The beautiful little dress my aunt gave my mother when I was born. I was blessed in it. When I moved out on my own after college, my mom gave me a box of things that were mine--a baby book she had kept, a giant stocking in which I was brought home on Christmas Eve, and this little blessing dress. When my daughter was born, after all those boys, I was eager and excited to bless her in the same dress in which I was blessed.

Today when I pulled the outfits out, I was saddened to see they were both starting to yellow. I don't really know how to preserve clothing, apparently, since my blessing dress made it 30 years perfectly preserved and now, after only two years of me having it, it is starting to yellow. The boy outfit had a spit-up spot on it that I apparently did not catch, and I must not have had it cleaned after my 3rd son wore it.
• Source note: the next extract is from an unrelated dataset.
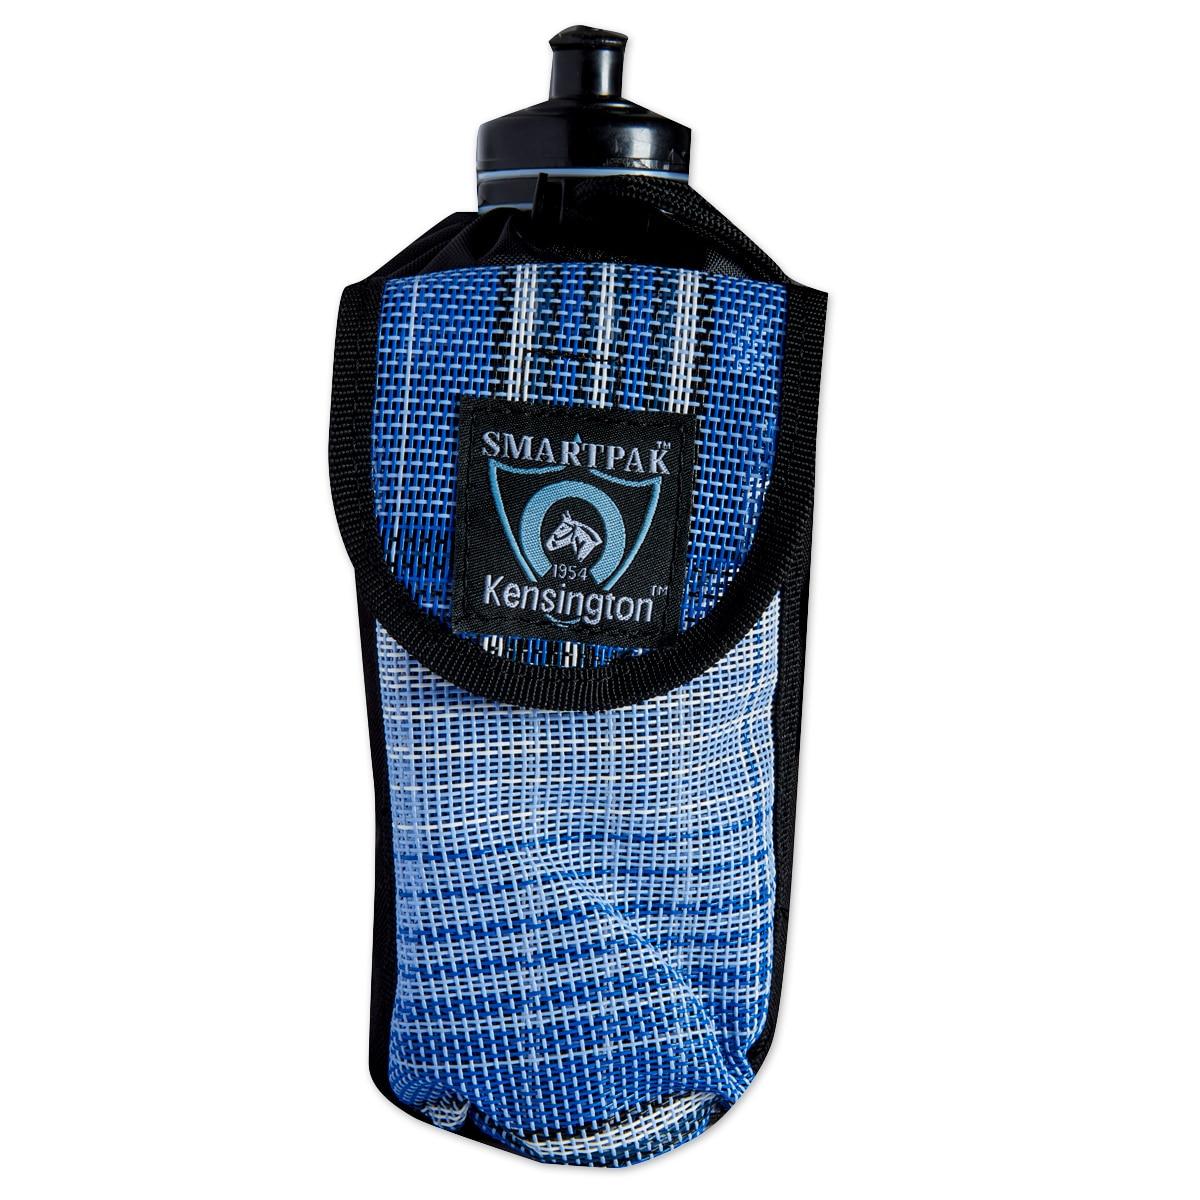 Kensington All Around Insulated Single Water Bottle Holder

I keep telling myself they are only blessing outfits, I can get new ones if we have more children, and my kids probably don't care much whether they are able to bless their children in the same outfits. But I am so sad at the thought of having to throw them away. Sometimes, things are hard to let go. Even if they are only things.

This is my oldest child in a four-generation picture.
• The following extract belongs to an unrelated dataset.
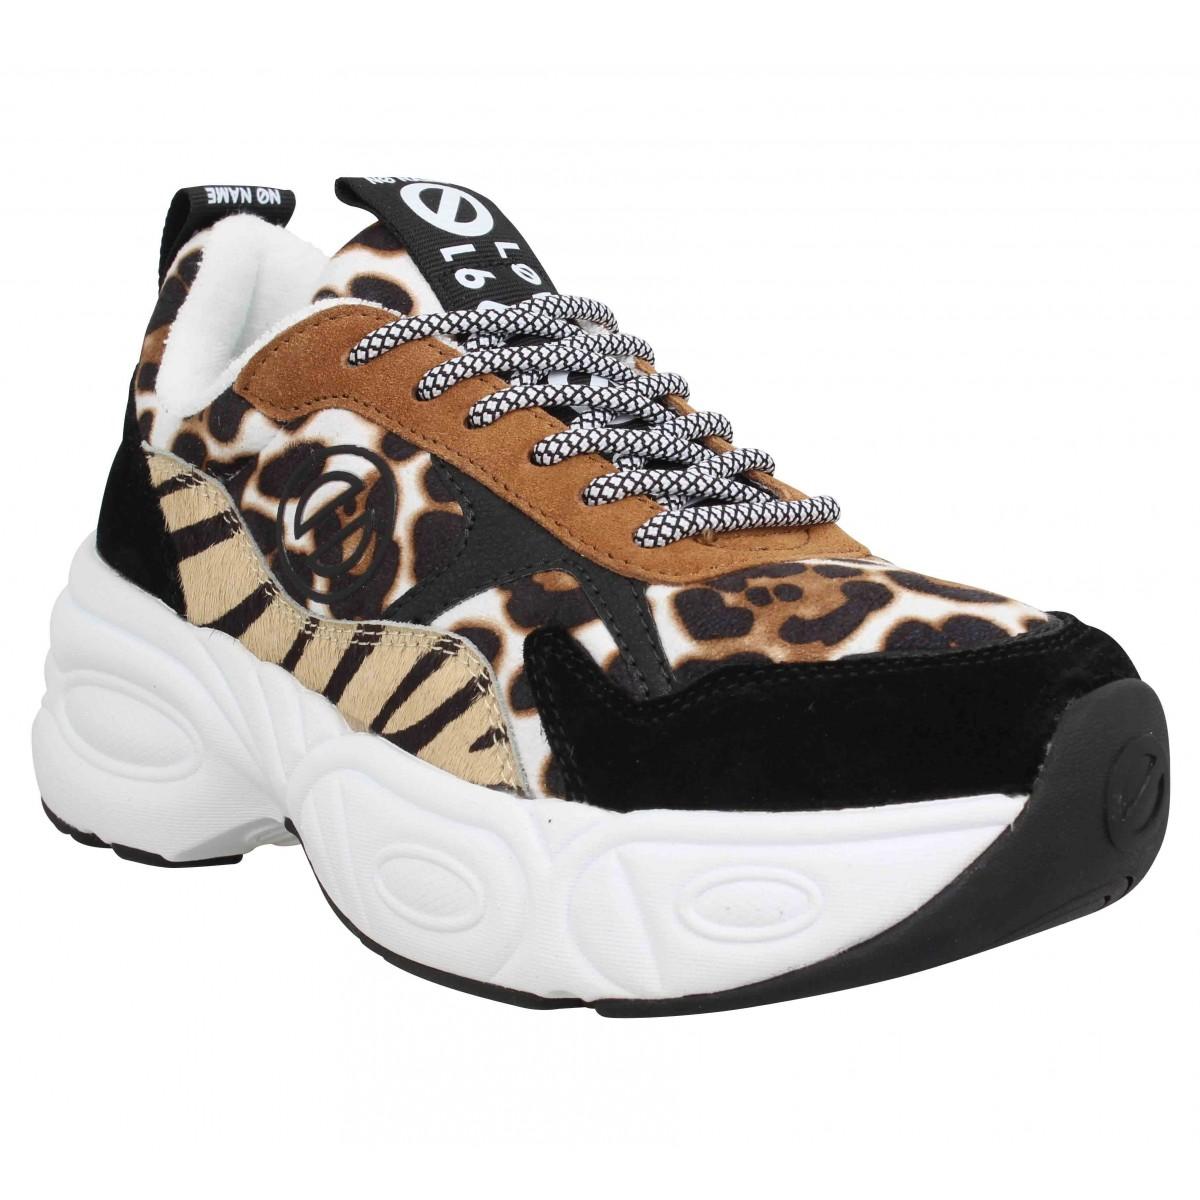 Baskets NO NAME Nitro Jogger cow suede Femme Leopard

(I couldn't find a picture of the 2nd son in the outfit in the digital pictures, so I must have one that was taken with a regular camera before we went digital. I'll look for it later.)
This is my 3rd son wearing the same outfit.

Here is my daughter in the blessing dress. If I can ever find a picture of me wearing the dress on my blessing day, I'll post that too.

Saturday, May 15, 2010

Leaving the Past Behind


I'm feeling the blues today. The reasons why cannot be explained here. They are too complicated, too personal, and too unreasonable. But I just feel blah.
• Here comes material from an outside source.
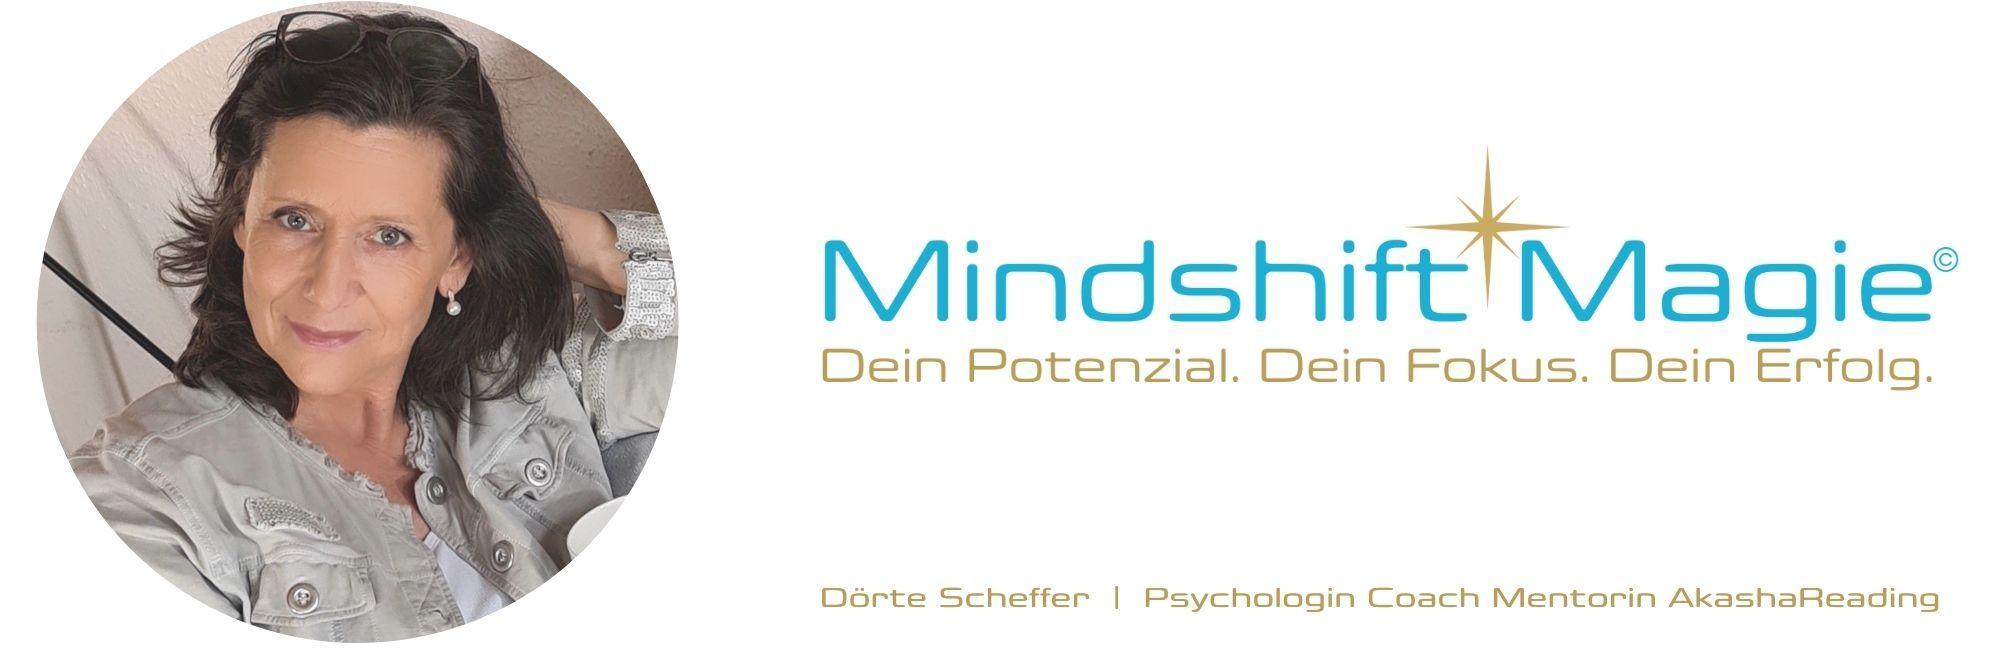 Dörte Scheffer - Mindshift Magie Cocahing Mentoring AkashaReading

Being here where I am reminds me of some dreams I had when I was younger that probably will never be fulfilled. It is this place, the very air around me as the seasons change, that leave me yearning for yesterday. I wish I could escape to another place. Yes, that is running away. But sometimes, the whole "out-of-sight, out-of-mind" thing works for a reason. I'd like to live in a place where my memories don't haunt me at every turn I take, everything I see.

Do you ever hear a song on the radio that takes you back to another time, another place? That is how it is with the mere change of seasons for me here. It is all around me.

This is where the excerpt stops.